Given that STIs are transmitted through sexual linkages, individuals’ and partners’ positions in their sexual networks can serve as proxies for the likelihood that a person will be exposed to an STI. Studies simulating propagation through networks have in fact identified network position characteristics that are associated with vulnerability to STIs.6 7 8 However, due to the difficulty of collecting sexual network data, few empirical studies have examined how individual STI risk is affected by sexual-network characteristics. Further, no one has yet tested how improving measurement of the probability of exposure through the use of network data affects our understanding of individual STI risk. To address these gaps in the literature, we used population-based sexual network data from a study combining random digit dialling with snowball sampling to identify network structures associated with STI risk and to evaluate the impact of using network data on epidemiological inferences about STI risk.
Methods
Study design
The Bayview Networks Study was a population-based longitudinal study of STI risk factors among African–American adolescents that took place in San Francisco from 2000 to 2002 and that combined random digit dialing with snowball sampling to generate population-based sexual network data (fig 1).9 10 11 Two waves of data collection were conducted, 12 months apart. At baseline in 2000, a household sample (“index” participants) of 348 African–American adolescents 14–19 years old living in the mixed-income, historically African–American Bayview Hunter’s Point neighbourhood of San Francisco was recruited using random digit dialling, as described in detail previously.10 In 1999, there were approximately 1700 African–American 14–19-year-olds residing in Bayview Hunter’s Point according to the 2000 US census;12 therefore, the 348 baseline index participants comprised roughly 20% of the target population.
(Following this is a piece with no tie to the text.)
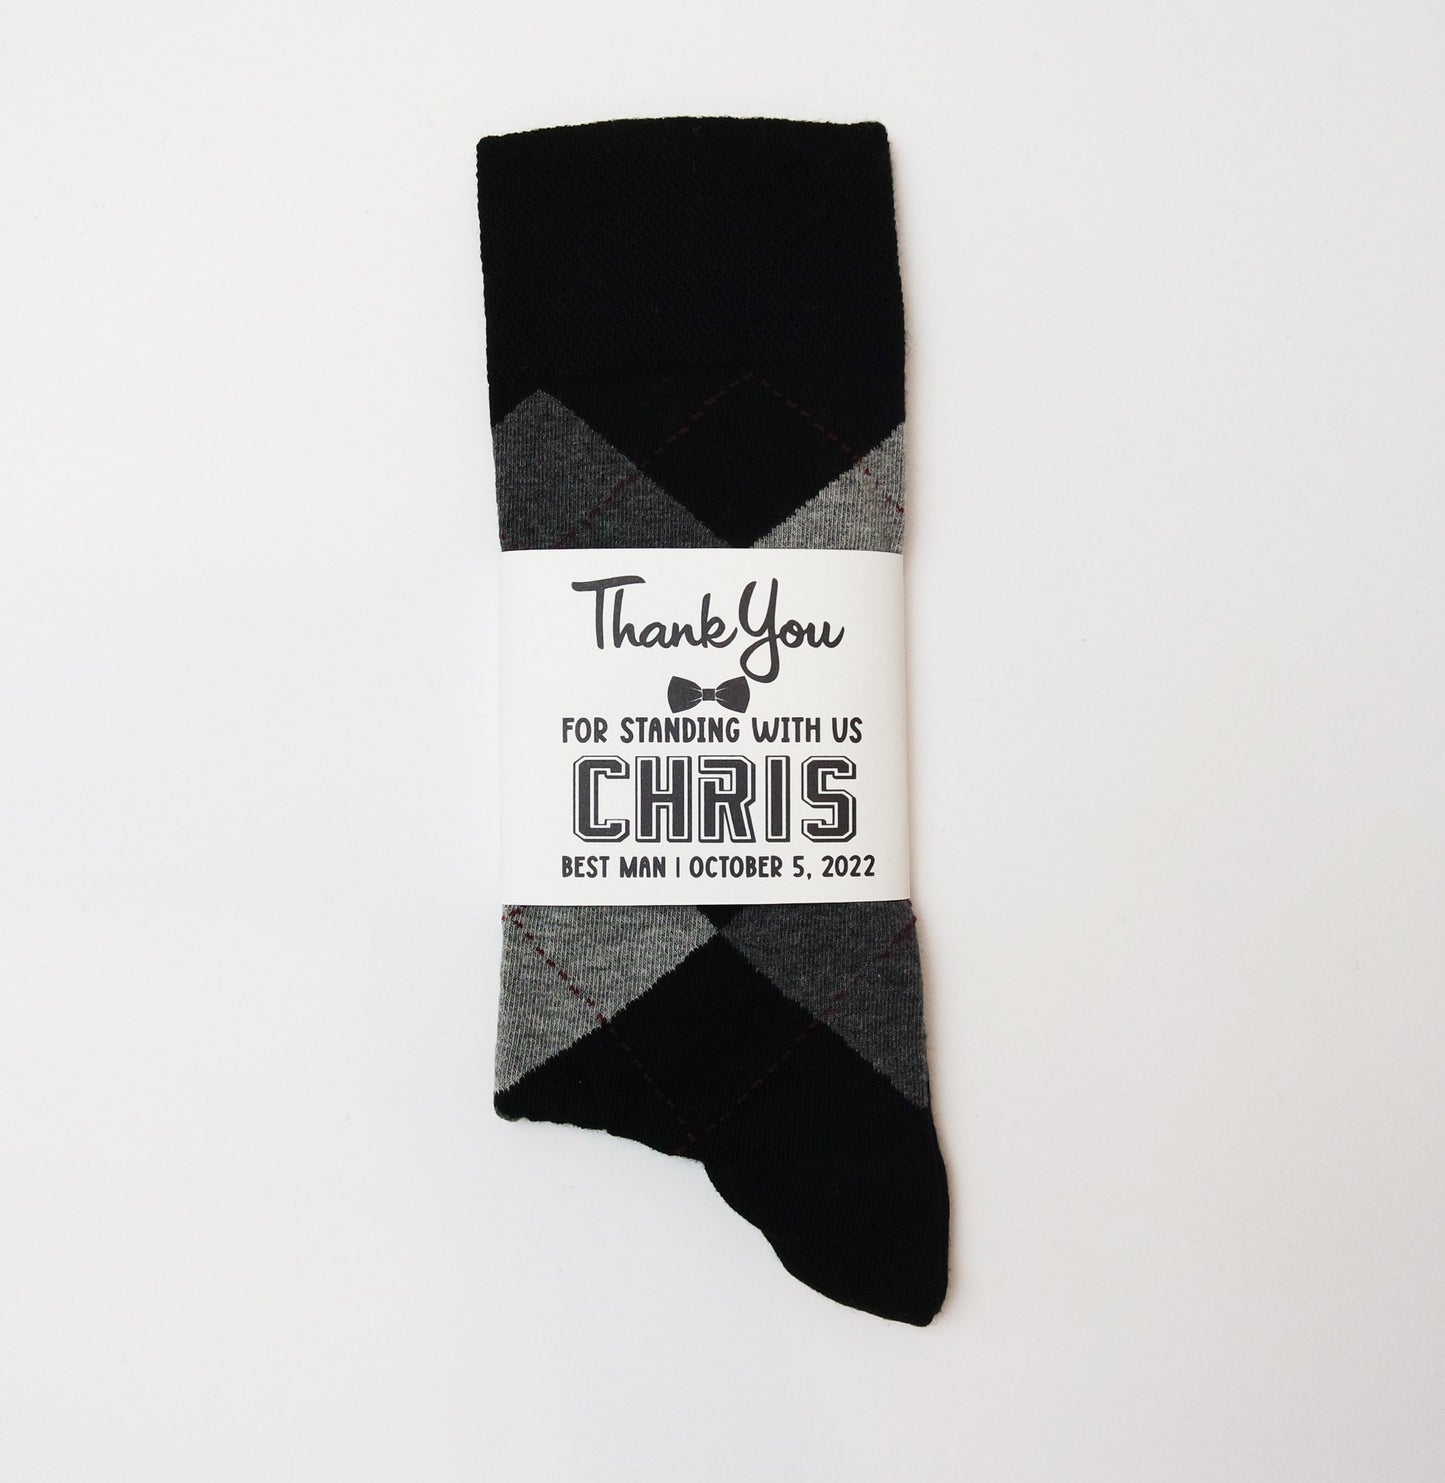 Best Man Socks, Groomsmen Socks, Wedding Socks, Custom Sock Labels, Personalized Groomsmen Gift Sock with Custom Labels, Groomsmen Proposal

The household sample was then used to seed snowball sampling of the adolescents’ social and sexual networks. Sexually active index participants (n = 168, 48%) were asked to name up to two of their social friends (“friends”) and up to six of their sex partners within the past 3 months. Friends who were sexually active were also asked to name their recent sex partners. Named friends and partners were actively recruited by study staff. Recruited sex partners were then asked to name their sex partners within the past 3 months, who in turn were also asked to name their sex partners. These last sex partners, however, were not recruited. At follow-up, a year later, the same index participants and baseline friends were reinterviewed, and their sexual networks were enumerated and interviewed in the same manner as at baseline. While the study was not limited to heterosexual partnerships, only heterosexual partnerships were reported.
All participants had to be at least 14 years old. Informed consent was obtained directly for those 18 and older, while guardian consent with participant assent was obtained for those younger than 18. Participants were asked for permission to contact friends and sex partners they named. Friends and sex partners who were contacted were not told that they had been named by someone. Participants were reimbursed $25 for completing the interview, and $10 for providing a biological sample. All study procedures received human subjects ethics approval from the University of California, San Francisco and the Johns Hopkins Medical Institutions.
Out of 348 baseline index participants, 96% were interviewed at follow-up. Of named friends, 177 (71%) enrolled at baseline and 95% of those participated at follow-up. Over both waves, 49% (770/1581) of named sex partners were enrolled. Non-interviewed partners were less likely to be perceived to be a main partner (47% vs 67%, p<0.01) and more likely to be perceived to have other partners besides the referring partner (33% vs 26%, p<0.01). This information, which suggests that non-interviewed partners were not missing at random, was used in the creation of our exposure variable.
Exposure variable
Individuals were grouped into sexual network components (groups of individuals connected directly or indirectly to each other) based on the sexual partnerships reported between all unique individuals, including those interviewed as well as those named but never interviewed. Two assumptions were made in this process. First, a partnership was considered to exist between two individuals as long as one partner reported it, even if the other partner was interviewed and did not report it, based on the assumption that participants were more likely to omit relationships than to invent them. Second, exact relationship timing was not taken into account, based on evidence that short-term cumulative network measures are more relevant for disease transmission than instantaneous measures.7
We used social network analysis methods13 to calculate sexual network variables likely to be associated with STI risk based on previous studies.6 7 8 14 15 16 We included the following measures of network centrality: degree, two-reach centrality, information centrality, eigenvector centrality and betweenness centrality. We also included the following measures of network structure: component size, density, diameter and centralisation. All network ties were symmetrised reflecting our assumption that, regardless of who reported it, a sexual relationship enabled transmission of an STI in either direction.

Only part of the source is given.